Wednesday, January 2, 2019

Seeing God: The Liturgy of the Human Heart

 I grew up an Evangelical/Pentecostal preacher's kid, ignorant of the vast depths of faith beyond my own tiny, insular, sectarian island.

 If I saw a priest, they were strange creatures, distant in their vestments and attitude. . . somehow not human beings at all.

 There comes a realization, perhaps with age and hopefully experience, that the kingdom of God truly does dwell within any humbled human heart.

 I see it now in the liturgy that my childhood mentors dismissed as dead ritual.

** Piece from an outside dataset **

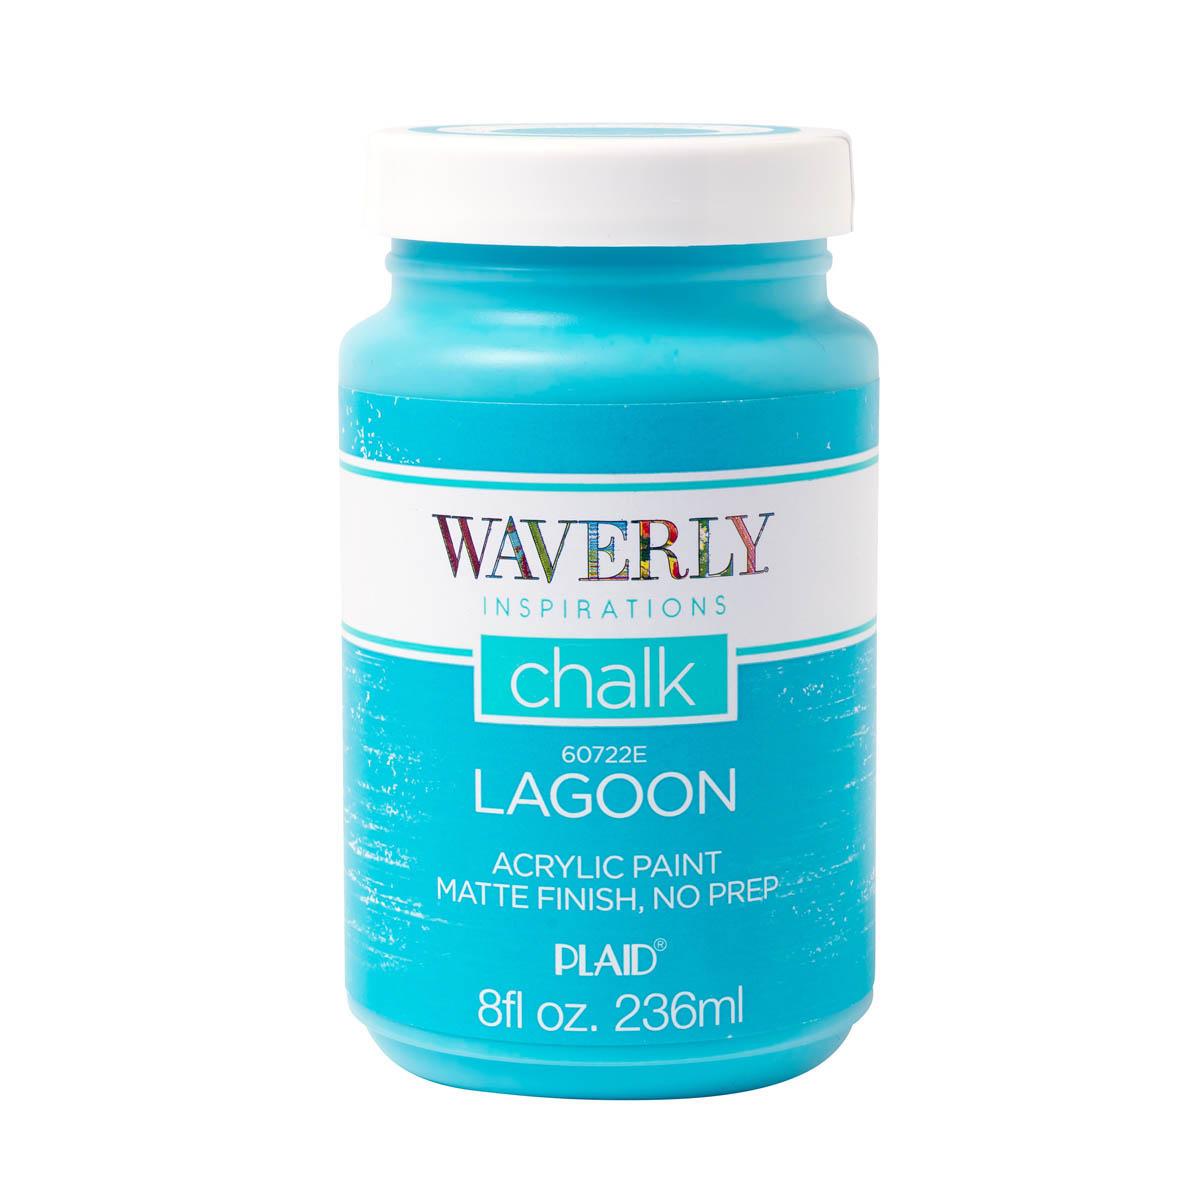 Waverly ® Inspirations Chalk Acrylic Paint - Lagoon, 8 oz.

But for me, now, there is nothing more alive.

 I find myself bathed in incense; caressed by prayers sung and chanted in millennia-old tones; illumined by flickering candles or winter morning sunlight through the windows of the nave that whisper light, love and hope; tasting the warm mystery of the Eucharist on my tongue and throat; and the myriad icons that are reminders of the communion of saints known, and unknown, of faith bridging dimensions material and spiritual.

 Yes, Orthodox Christian worship incorporates all the senses, to be sure. But for all that, I feel God most intensely in the eyes of a child, the embrace of a parent, and this morning Ss. Peter & Paul, the unapologetic humanity of a priest for his tired offspring.

 Suffer the little children to come, indeed.